Although region-specific measures are used in research to make comparisons between groups, it is also helpful to have information that can improve decision-making for individual patients. Therefore, clinicians must have a sense for how much change is necessary before the change is considered meaningful. Meaningful change can be considered from both a statistical and clinical perspective [22]. From a statistical perspective, calculation based on the measurement error is used to determine the amount of change needed to be certain, within an established level of confidence, that “true change” has occurred [23]. The statistically meaningful change for the FRI was based on the standard error of measure. The disadvantage of this perspective is that it fails to consider the clinical importance of the change.

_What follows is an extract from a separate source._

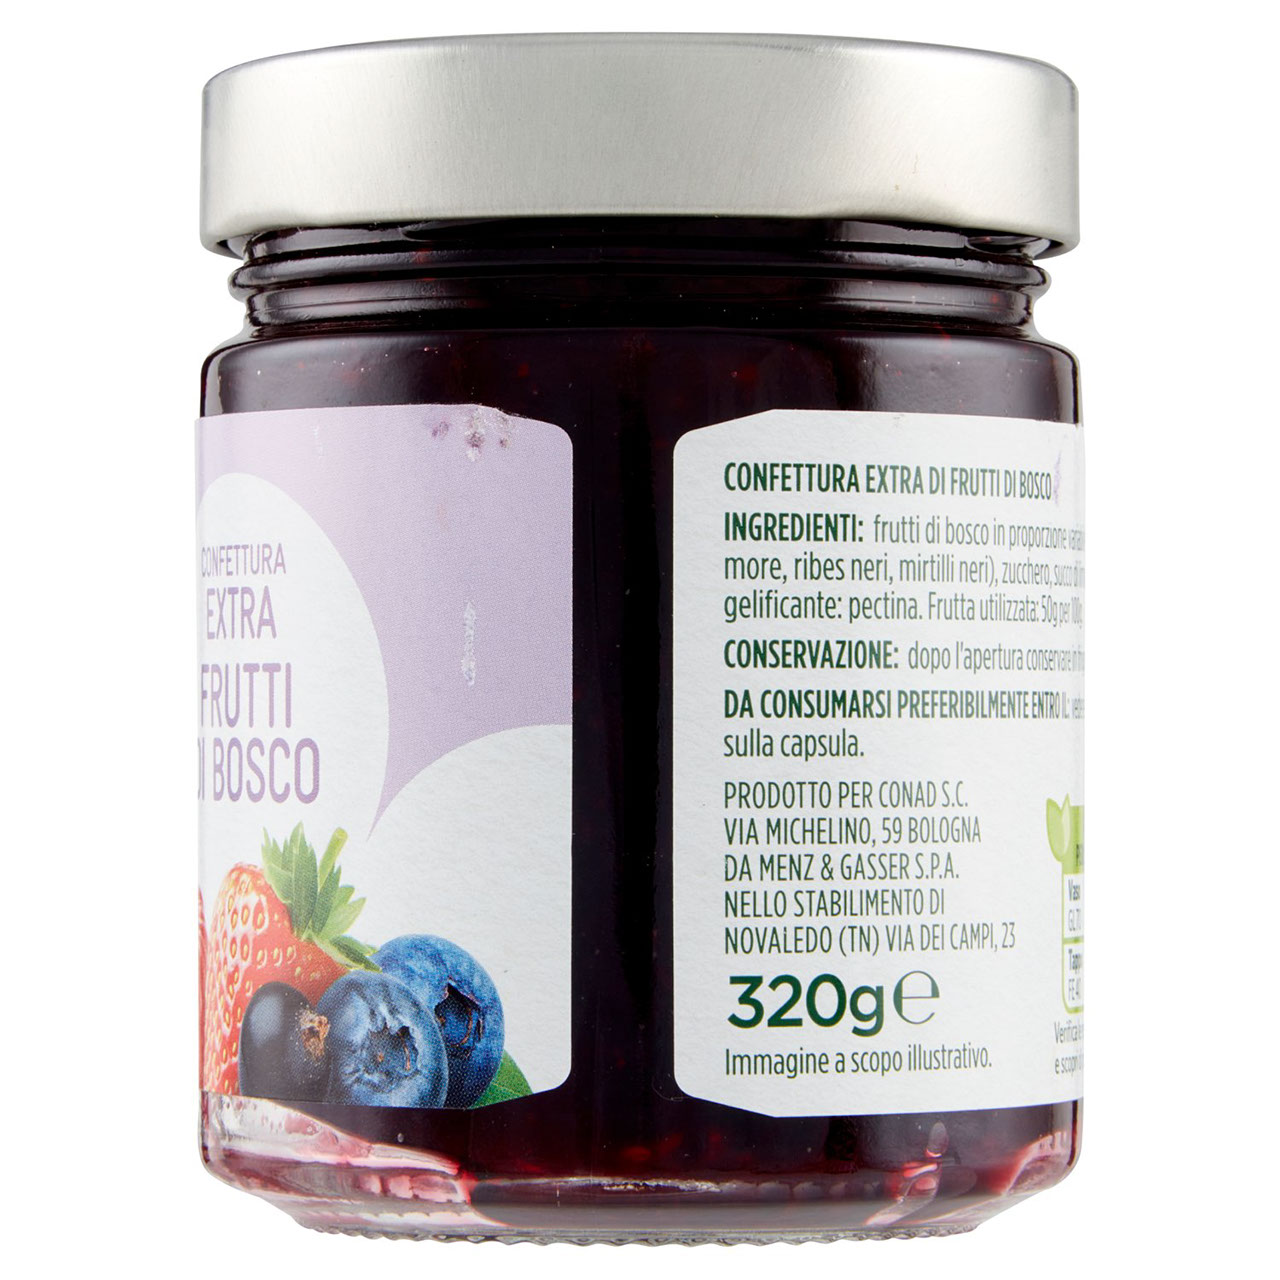 Confettura extra Frutti di Bosco g 320 Conad

The MCID overcomes this limitation in that it is patient-centered, representing the amount of change in a measure that needs to be observed before the change can be considered clinically meaningful [22]. A patient’s level of improvement on a self-report measure can then be examined in the context of the MCID for a particular instrument to determine whether a clinically meaningful change has occurred. This was the first study to characterize the MCID for the FRI. The MCID of approximately nine points for both the FRI and Oswestry again suggest similar levels of responsiveness. However, previous studies demonstrated the MCID on the Oswestry to be lower than in our study. One study reported an MCID of size points [8], whereas another reported a MCID between four and size points [24], suggesting the Oswestry may be slightly more responsive. Our study supports similar responsiveness of the FRI and Oswestry. Values of nine points in the MCID for both instruments and statistically meaningful change of 15 points for the FRI and 13 points for the Oswestry were very similar.

Some may question how to interpret our finding that the MCID is smaller than the statistically meaningful change. However, some researchers have speculated that the MCID may be less than the minimum level of statistical change [16, 25, 26]. One reason why the MCID was lower than the statistically meaningful change in this study may be attributable to the relatively lower ICC of the patients whose clinical status remained stable, resulting in a larger SEM. Two reports have indicated that a 1-SEM criterion best approximated the MCID using the Chronic Respiratory Disease Questionnaire in patients with chronic obstructive pulmonary disease [13, 16], The authors suggested that the 1-SEM criterion may be an accurate estimate of the MCID. This was the case in our study since the MCID value was closer to 1-SEM than 1.96*SEM.

One of the limitations of this study is that the Oswestry may not be the ideal reference standard because the FRI was in part derived from this instrument. Future studies could further examine the validity of the FRI using a more general measure of function and disability such as the Physical Function Subscale of SF-36. Because patients were required to have a minimum level of disability on the Oswestry of 30%, our findings may not be generalizable to patients with lower levels of disability. Finally, future research needs to validate the psychometric properties of the FRI in patients with neck pain using a variety of statistical and clinically meaningful methods. In the light of these considerations, combined with the FRI’s lower reliability, future research is necessary before the FRI can be recommended for widespread use.

Conclusion

The FRI is less reliable than the Oswestry but appears to have comparable validity and responsiveness. Before the FRI can be recommended for widespread use in patients with neck and low back pain, it should be further tested in patients with neck pain.

Disclaimer

The opinions or assertions contained herein are the private views of the author (JDC) and are not to be construed as official or as reflecting the views of the U.S. Air Force or Department of Defense.